The $LHS$ is easy to expand, but when you apply the compound formula for the $RHS$,

\begin{align} \tan{(x+\frac{\pi}{2})} & = \frac{\tan{(x)} + \tan{(\frac{\pi}{2})}}{1-\tan{(x)}\cdot\tan{(\frac{\pi}{2})}} \\ \end{align} You might notice that this is a problem because I cannot evaluate $\tan{(\frac{\pi}{2})}$. So this is what I tried. First I tried writing

\begin{align} \tan{(x+\frac{\pi}{2})} & = \frac{\sin{(x+\frac{\pi}{2})}}{\cos{(x+\frac{\pi}{2})}} \\ & = \frac{\cos (x)}{\sin (x)} \end{align} which I knew was wrong.
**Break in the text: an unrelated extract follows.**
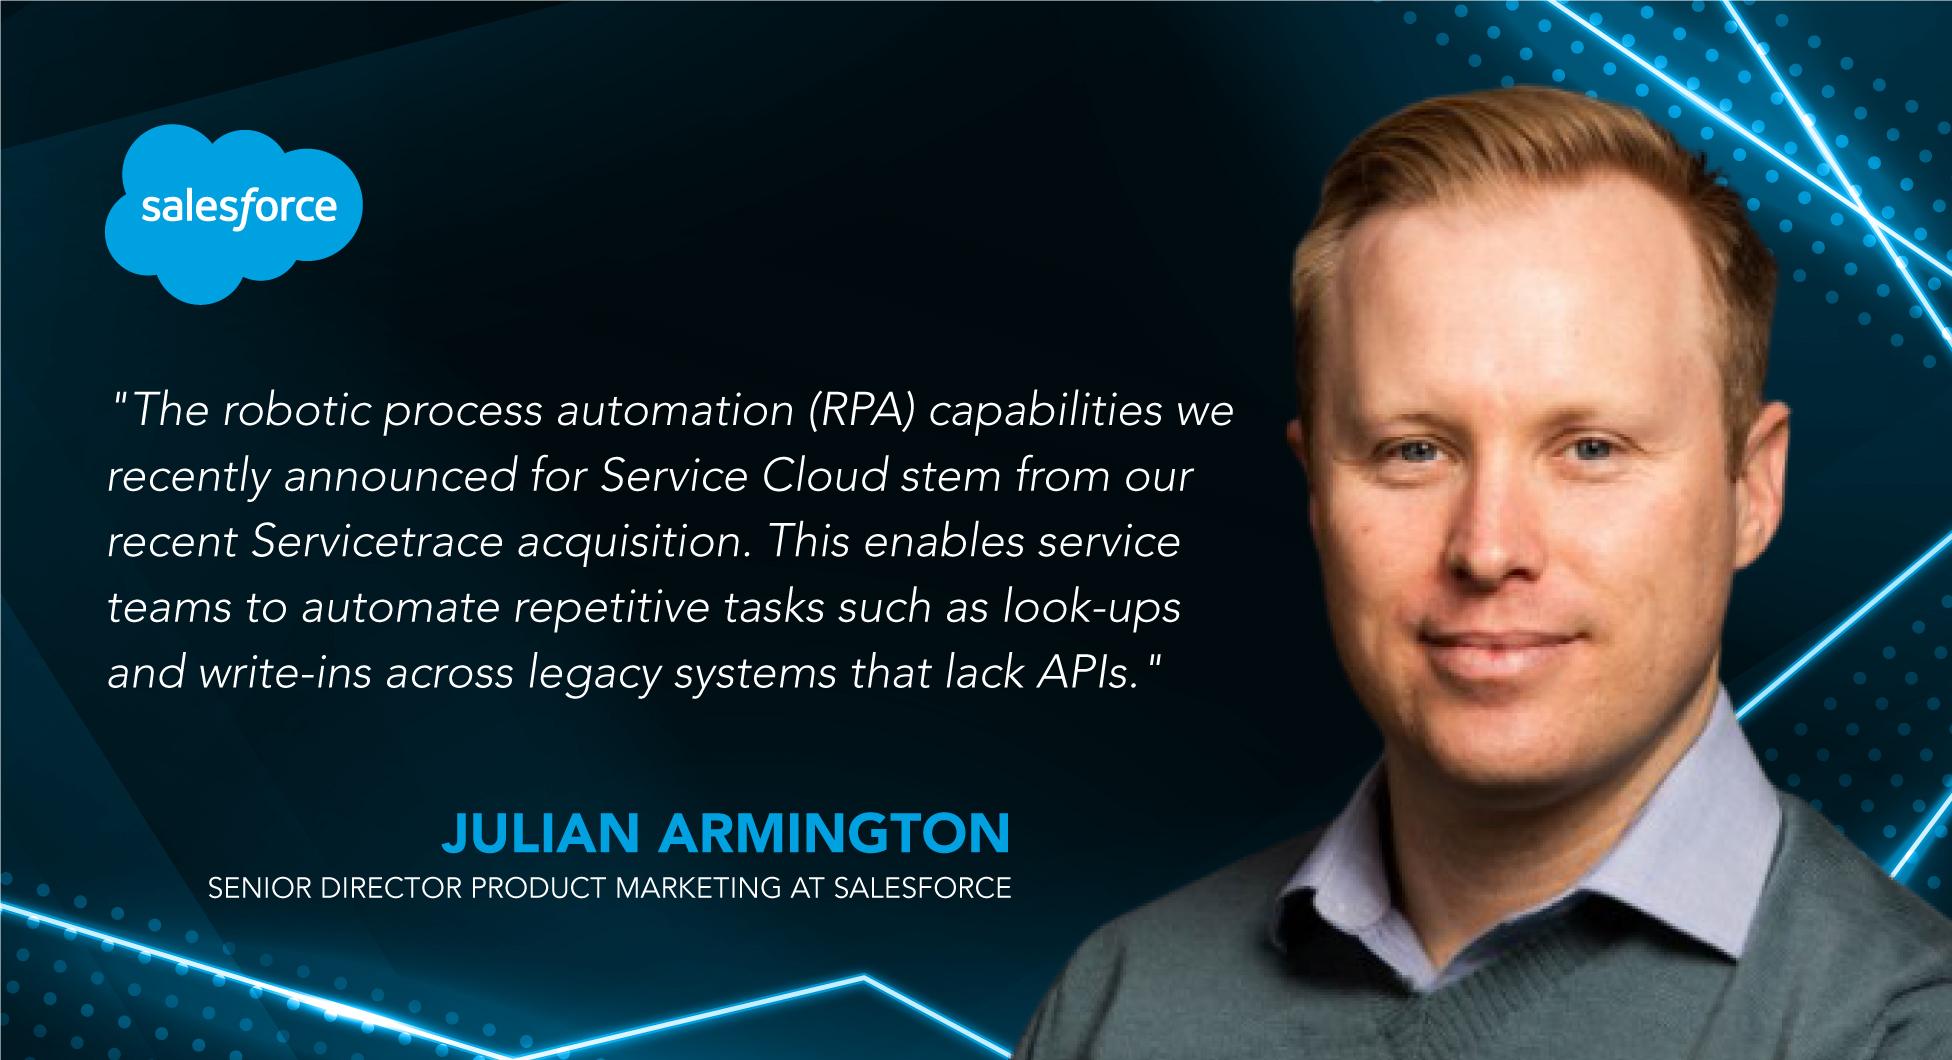 Julian Armington, Senior Director Product Marketing at Salesforce
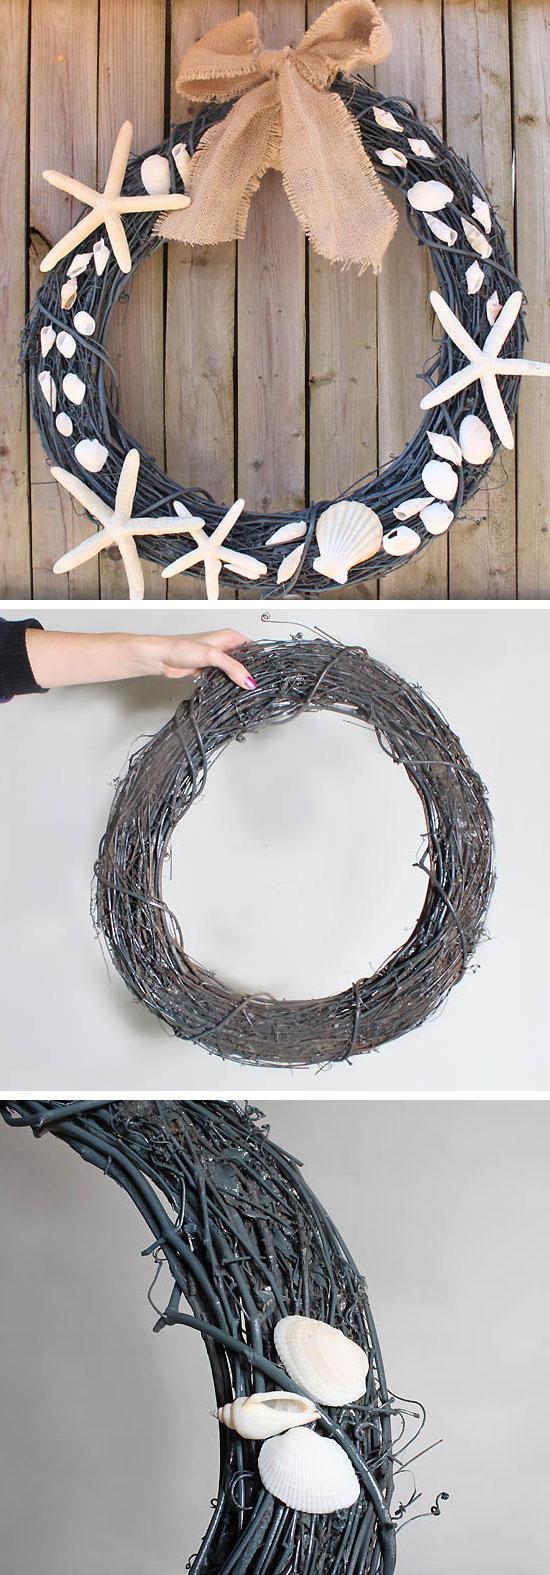 DIY Pottery Barn Shell Wreath.

Anyone know how to get around this?

Answer 1

$$\tan \left(x - \frac{\pi}{4}\right) = - \tan \left(x + \frac{\pi}{2}\right)$$

$$\tan \left(x - \frac{\pi}{4}\right) = \tan \left(-x - \frac{\pi}{2}\right)$$

$$x-\frac{\pi}{4}=-x-\frac{\pi}{2}+k\pi,\quad(k\in Z)$$

$$2x=-\frac{\pi}{4}+k\pi$$

$$x=-\frac{\pi}{8}+\frac{k\pi}{2}$$

Valid for any $k\in Z$.

Answer 2

Hint: $\tan(x)$ is an odd function so $\tan(-x)=-\tan(x)$

Solution:

By above we get $\tan{(x-\pi/4)}=\tan{(-x-\pi/2)}$ so $$x-\pi/4 \equiv -x-\pi/2 \pmod{\pi}$$ (since the tangent function has a period of $\pi$) $$2x \equiv -\frac{\pi}{4} \equiv \frac{3\pi}{4} \equiv \frac{7\pi}{4}\pmod{\pi}$$ Solving this yields solutions $x=\pi n +\frac{7\pi}{8}$ and $x=\pi n +\frac{3\pi}{8}$

Answer 3

Hint: Use that

$$\tan(x)+\tan(y)=\sec(x)\sec(y)\sin(x+y)$$

Answer 4

Hint

$$\tan x+\tan y=\frac{\sin(x+y)}{\cos x\cos y}$$